Laura notes that it will be interesting to see how these plans do over time. Cal's allocation is more aggressive, but he's missing the smaller-cap exposure. Meanwhile, Ted has a stout bond exposure that could hold his portfolio back a bit--and it could also provide stability in an equity bear market.

Got questions about personal finance issues? Be sure to check out our newest column, The Short Answer, every Tuesday on Morningstar.com.

MJ2

Teach his to throw and catch a FB.   Do it everyday for 1 hour per day for 18 years =

Free college
Lots of women
Pro signing bonus
Retirement security for you
Lots of women for you

Cheap investment, great return.

gumby013

The best way would be a 529 plan.  Or else you can do what I did and get my ride paid by a paint company.  I guess they wanted me to work for them after I graduated.  Too bad for them.

bigpiggo

Educational IRA's or ESA (Educational Savings Account) should be looked into.  529 Plans aren't for everbody.  The amount was still $2000 for 2005 which can still be contributed to until April 15th, I believe.

RazorHawg16

Quote from: LA HAWG on February 13, 2006, 01:26:20 pm
Quit your job and start working at McDonalds and make that your primary source of income, then you MAY be able to qualify for Grants.
no he won't he would be making too much money...im 18 and filed independently and i made a whoppin 11k last year and didn't get ANY grants!!! I gotta pay for 6 years of education at  University of Arkansas (AT FORT SMITH) because at Fayettville   its like 20k a semester or some bull darn. Thank god im going for Business Administration and a minor in Spanish. So I will be able to pay all my loans back pretty quick with a god job.

Stamford Hog

Here is a good website with information about 529 plans for every state.

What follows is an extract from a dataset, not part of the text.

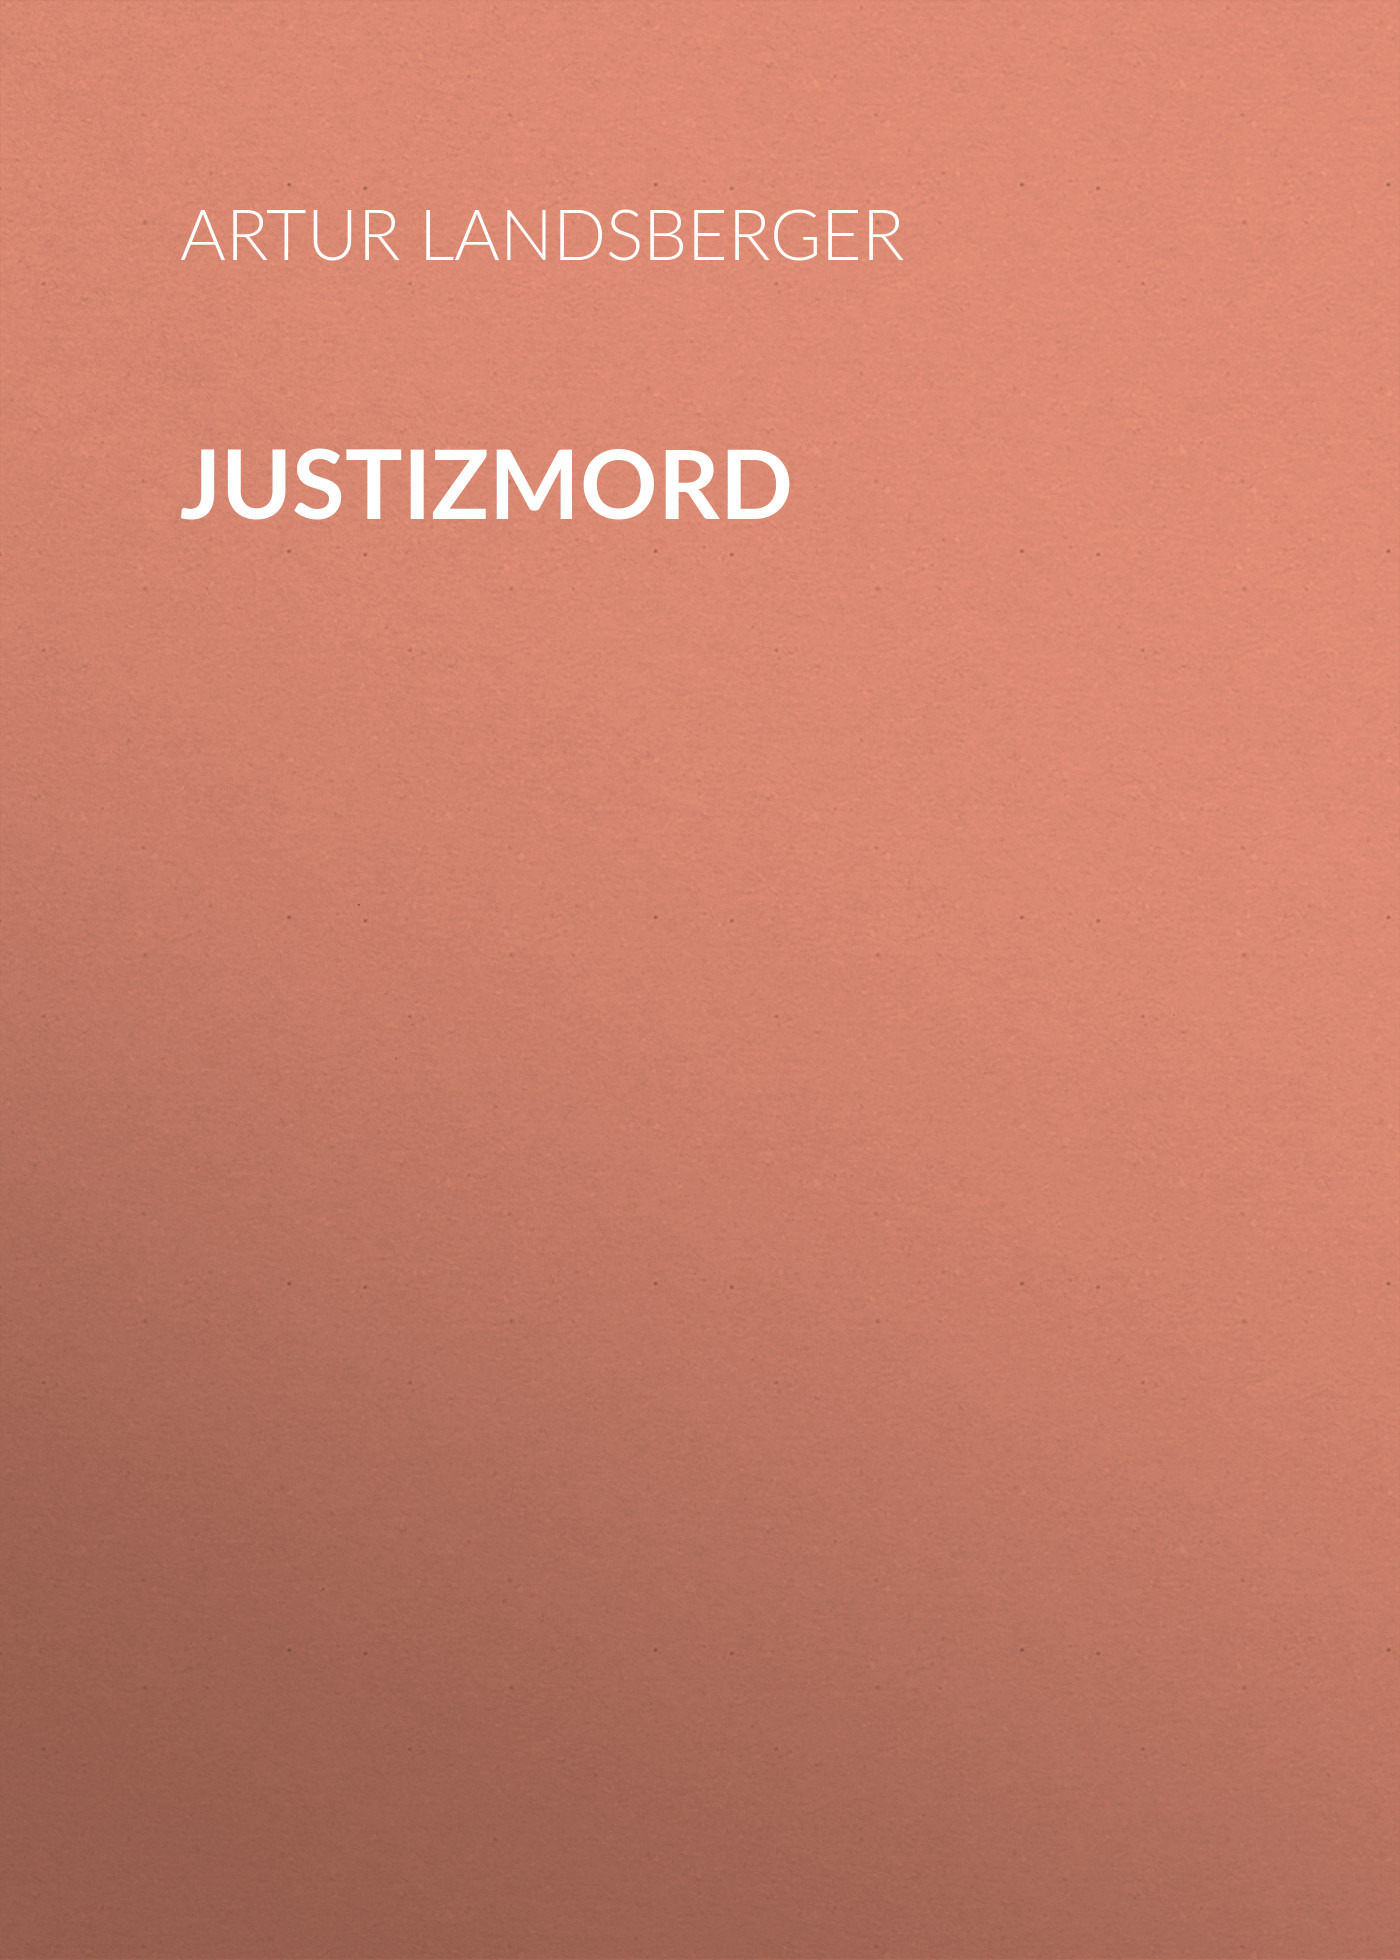 Книга Justizmord  из серии , созданная Artur Landsberger, может относится к жанру Зарубежная классика. Стоимость электронной книги Justizmord  с идентификатором 48632988 составляет 0 руб.
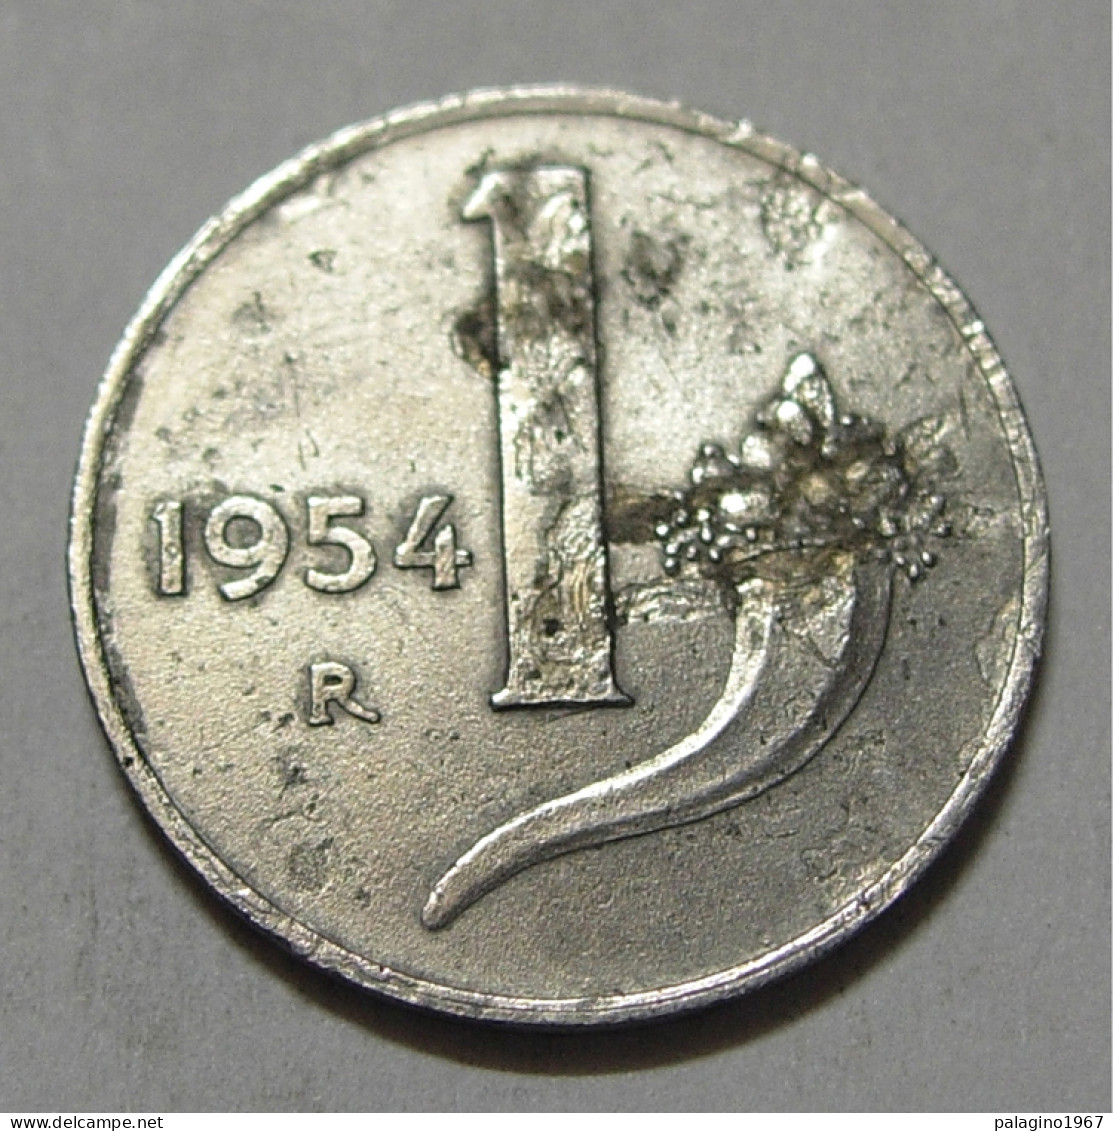 REPUBBLICA ITALIANA 1 Lira Cornucopia 1954 MB - 1 Lira

http://www.savingforcollege.com/

 

DukeOfPork

Quote from: RazorHawg16 on February 13, 2006, 09:30:30 pm....So I will be able to pay all my loans back pretty quick with a god job.

Well, if you're reasonably sure that you're going to land a "god" job, I seriously doubt that you will have any financial worries.  Sounds like you're set.

chiefsfan

Sell the kid down the river and invest the rest in retirement.
Honor and Integrity no longer exist in the world of college football.  It is only filled with liar's cheater's, and traitors.